A novel control method for solving high-dimensional Hamiltonian systems through deep neural networks
This work addresses computational challenges in high-dimensional systems for researchers in applied mathematics and machine learning, though it appears incremental as it builds on existing FBSDE methods.
The paper tackles solving high-dimensional stochastic Hamiltonian systems by proposing a novel control method using deep neural networks, resulting in algorithms that converge faster and more stably than prior methods, requiring fewer training steps.
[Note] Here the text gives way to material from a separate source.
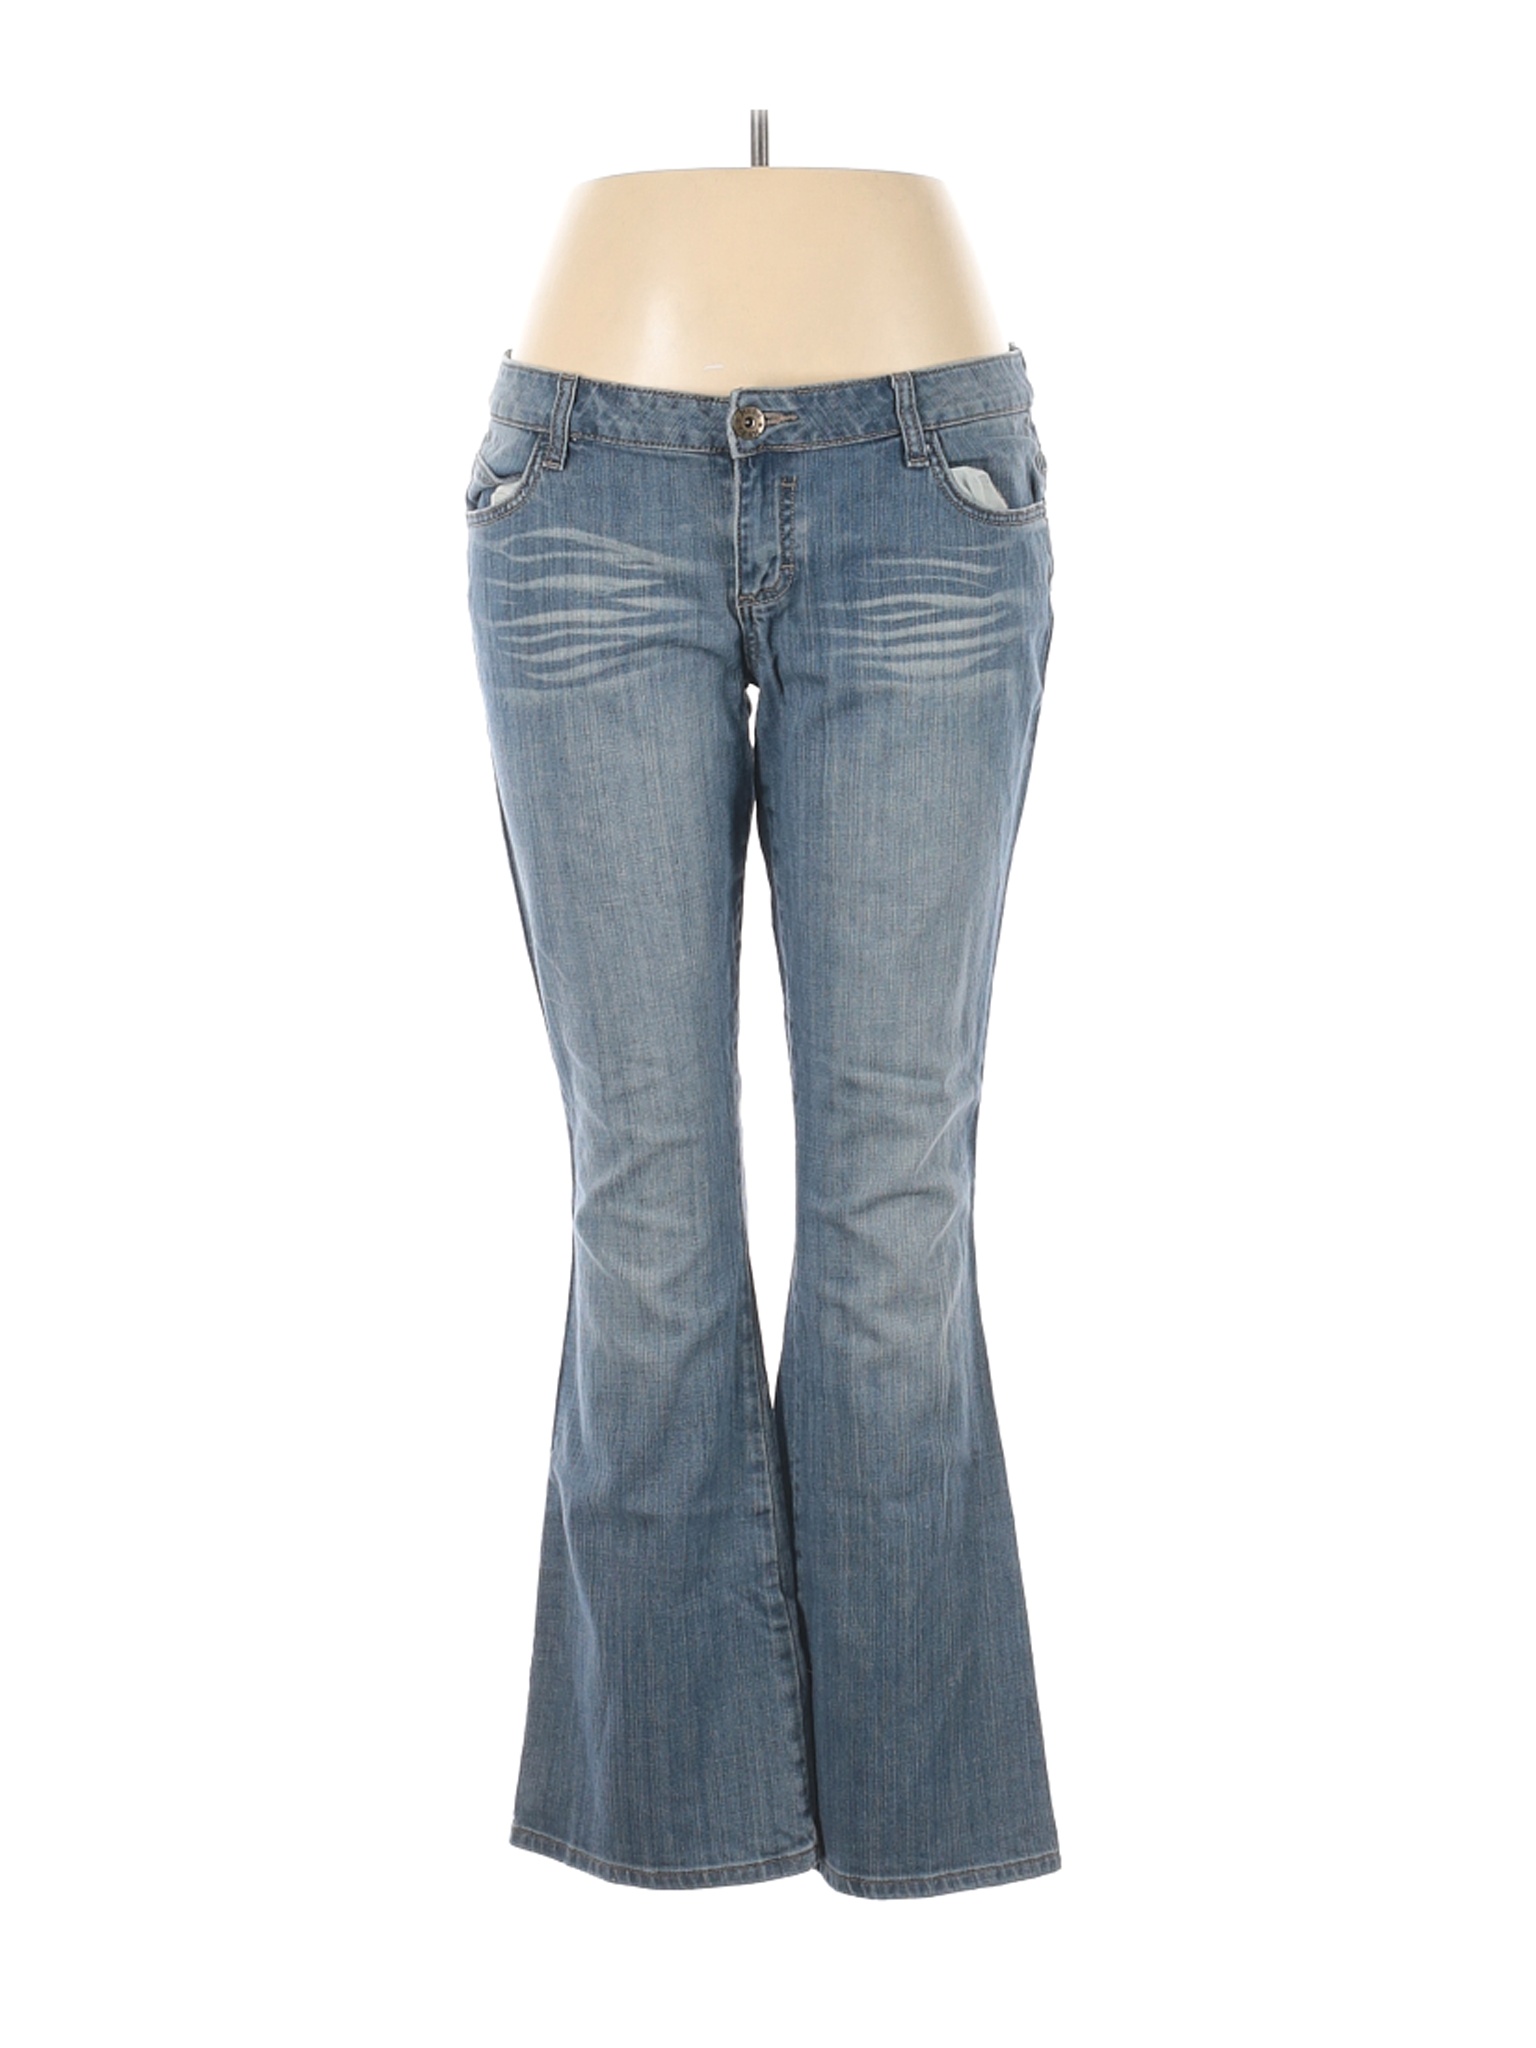 Mudd Women Blue Jeans 15 | eBay

In this paper, we mainly focus on solving high-dimensional stochastic Hamiltonian systems with boundary condition, which is essentially a Forward Backward Stochastic Differential Equation (FBSDE in short), and propose a novel method from the view of the stochastic control. In order to obtain the approximated solution of the Hamiltonian system, we first introduce a corresponding stochastic optimal control problem such that the extended Hamiltonian system of the control problem is exactly what we need to solve, then we develop two different algorithms suitable for different cases of the control problem and approximate the stochastic control via deep neural networks. From the numerical results, comparing with the Deep FBSDE method developed previously from the view of solving FBSDEs, the novel algorithms converge faster, which means that they require fewer training steps, and demonstrate more stable convergences for different Hamiltonian systems.